First, in Table A1, statistics are provided in terms of the abbreviation (Code), the number of speakers that it contains (Voice), and the total speech hours (Total) and validated speech hours (validation) of each language.

Table A1. Data in Common Voice.

Language	Code	Voice	Hours
Language	Code	Voice	Total	Validation
Abkhaz	ab	14	1	<1
Arabic	ar	672	77	49
Assamese	as	17	<1	<1
Breton	br	157	16	7
Catalan	ca	5376	748	623
Hakha Chin	cnh	297	5	2
Czech	cs	353	45	36
Chuvash	cv	92	16	4
Welsh	cy	1382	124	95
German	de	12659	836	77
Dhivehi	dv	167	19	18
Greek	el	118	13	6
English	en	66173	2181	1686
Esperanto	eo	574	102	90
Spanish	es	19484	579	324
Estonian	et	543	27	19
Basque	eu	1028	131	89
Persian	fa	3655	321	282
Finnish	fi	27	1	1
French	fr	12953	682	623
Frisian	fy	467	46	14
Irish	ga	101	5	3
Hindi	hi	31	<1	<1
Sorbian	hsb	19	2	2
Hungrian	hu	47	8	8
Interlingua	ia	36	8	6
Indonesian	id	219	17	9
Italian	it	5729	199	158
Japanese	ja	235	5	3
Georgian	ka	44	3	3
Kabyle	kab	1309	622	525
Luganda	lg	76	8	3
Lithuanian	lt	30	4	2
Latvian	lv	99	7	6
Mongolian	mn	376	17	11
Maltese	mt	171	15	7
Dutch	nl	1012	63	59
Odia	or	34	7	<1
Punjabi	pa	26	2	<1
Polish	pl	2647	129	108
Portuguese	pt	1120	63	50
Romansh Sursilvan	rm-sursilv	78	9	5
Romansh Vallader	rm-vallader	39	3	2
Romanian	ro	130	9	6
Russian	ru	1412	130	111
Kinyarwanda	rw	410	1510	1183
Sakha	sah	42	6	4
Sovenian	sl	82	7	5
Swedish	sv	222	15	12
Tamil	ta	266	24	14
Thai	th	182	12	8
Turkish	tr	678	22	20
Tatar	tt	185	28	26
Ukrainian	uk	459	43	30
Vietnamese	vi	62	1	<1
Votic	vot	3	<1	<1
Chinese(China)	zh_CN	3501	78	56
Chinese(Hong Kong)	zh_HK	2536	100	50
Chinese(Taiwan)	zh_TW	1444	78	55

Second, we select those languages with a time length of more than 20 h and generate statistics about the duration of each speech clip. The maximum and minimum durations of the speech clips are 36.305 s and 0.264 s, respectively. Figure A2 shows the distribution of the speech clips by time length. We also show the time length of each language in Figure A1. Each box unit contains the upper extreme value, upper quartile value, median value, lower quartile value, and lower extreme value of the audio duration. The points in the line graph show the average values calculated for all audio files in the corresponding language.
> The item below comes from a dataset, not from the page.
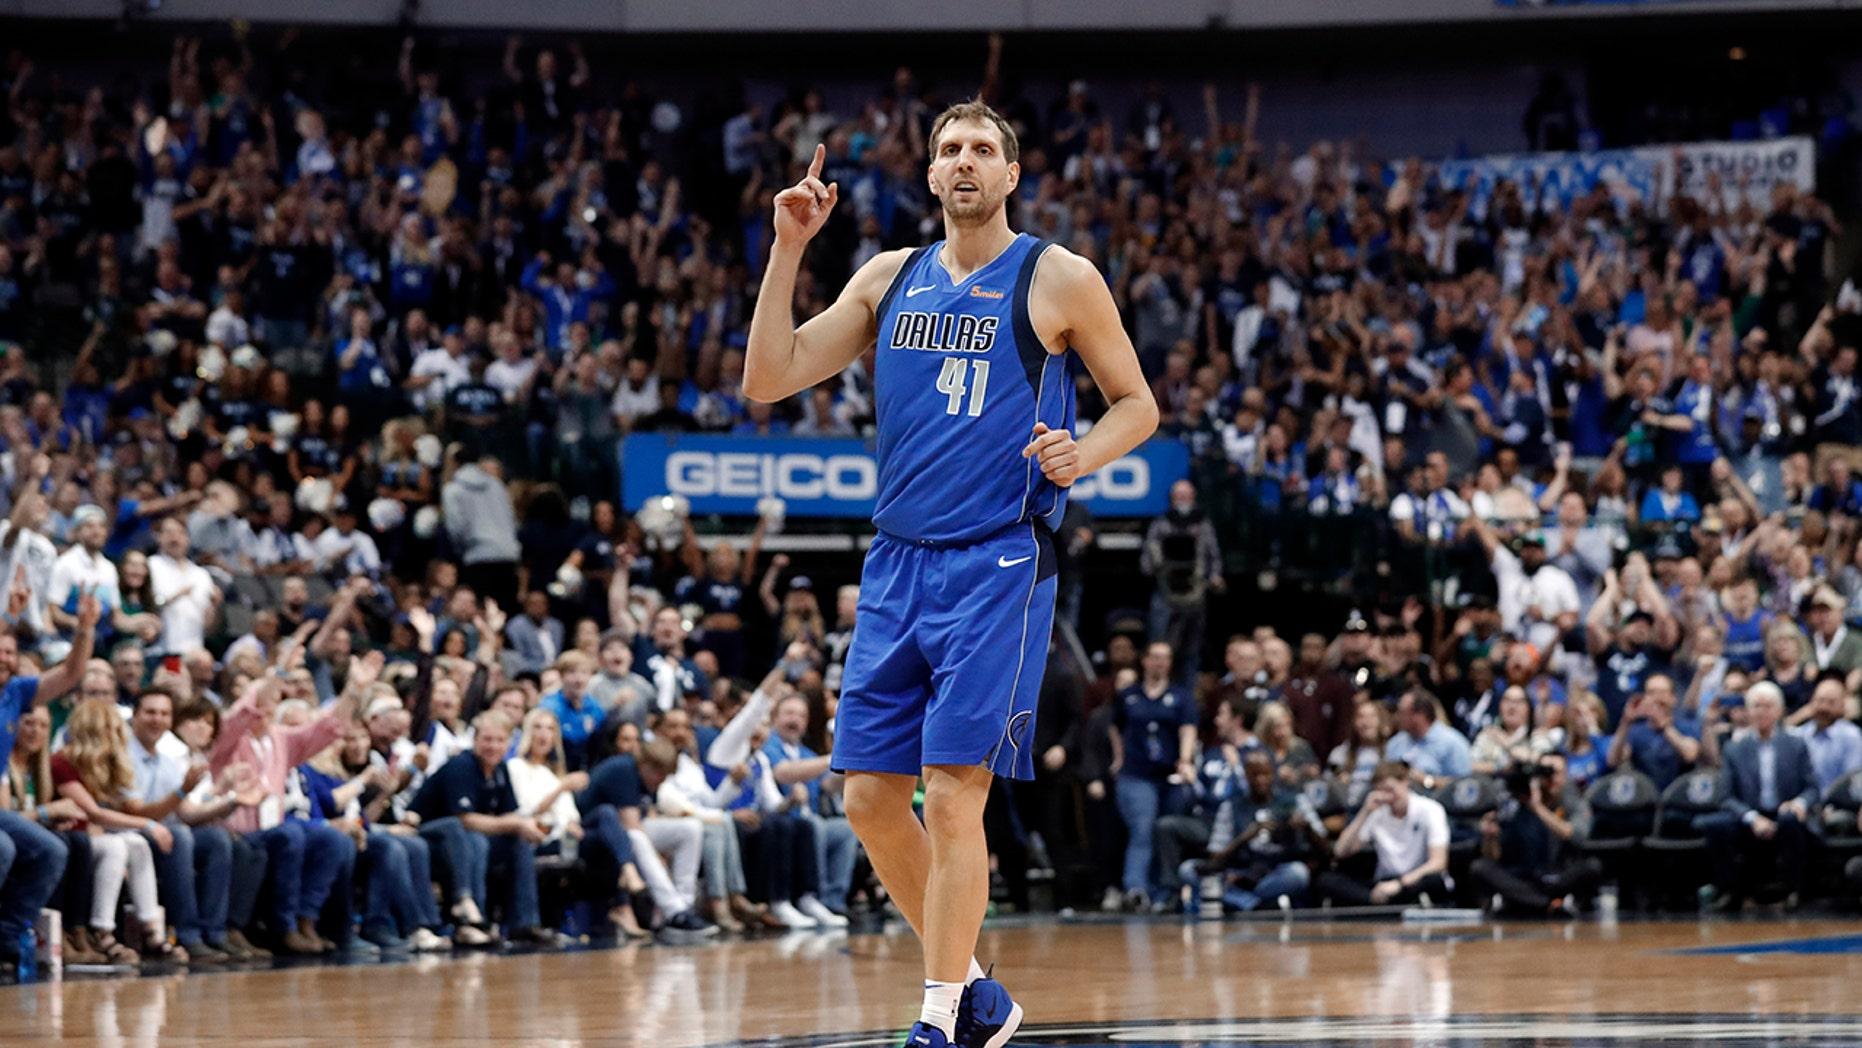 19f7f59f9 Dallas Mavericks  Dirk Nowitzki (41) celebrates sinking a 3-point basket  during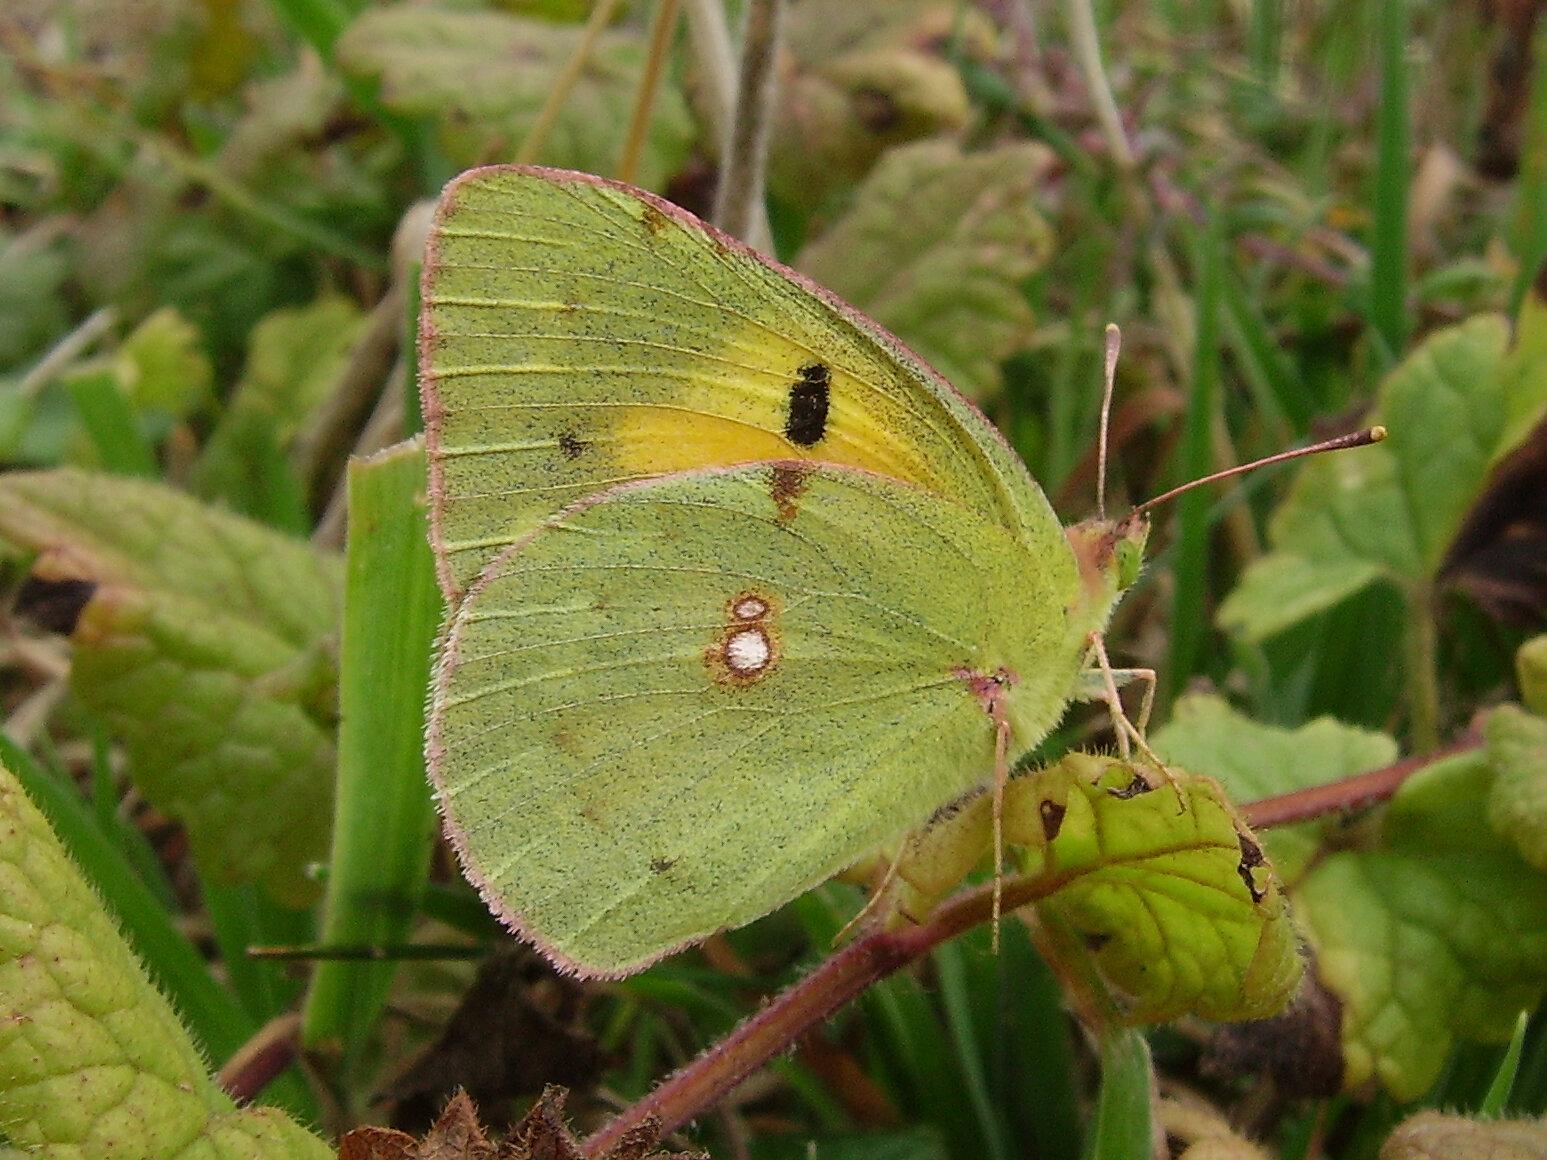 Clouded yellow underside butterfly, Tortington

Figure A1. Box figure of each language.

Figure A2. Distribution of durations in our corpus.

Third, a good voice corpus should sample a large number of male and female voice contributors within different age groups. The Common Voice corpus samples 150,757 voice contributors of both genders. As Figure A3 describes, the age of these voice contributors ranges from 0 to 79.

OpenSLR (http://openslr.org/ (accessed on 7 May 2025)), containing 111 independent datasets, includes more than 30 languages. It initially focused on the automatic speech recognition (ASR) field. Thus, most of the datasets contain both speech audio and its transcribed text. The reason that we use this corpus is that it contains some languages that Common Voice lacks. This means that Common Voice has no corresponding language at all or has too few audio files in the corresponding language to train an SLR model. In other words, OpenSLR plays a complementary role.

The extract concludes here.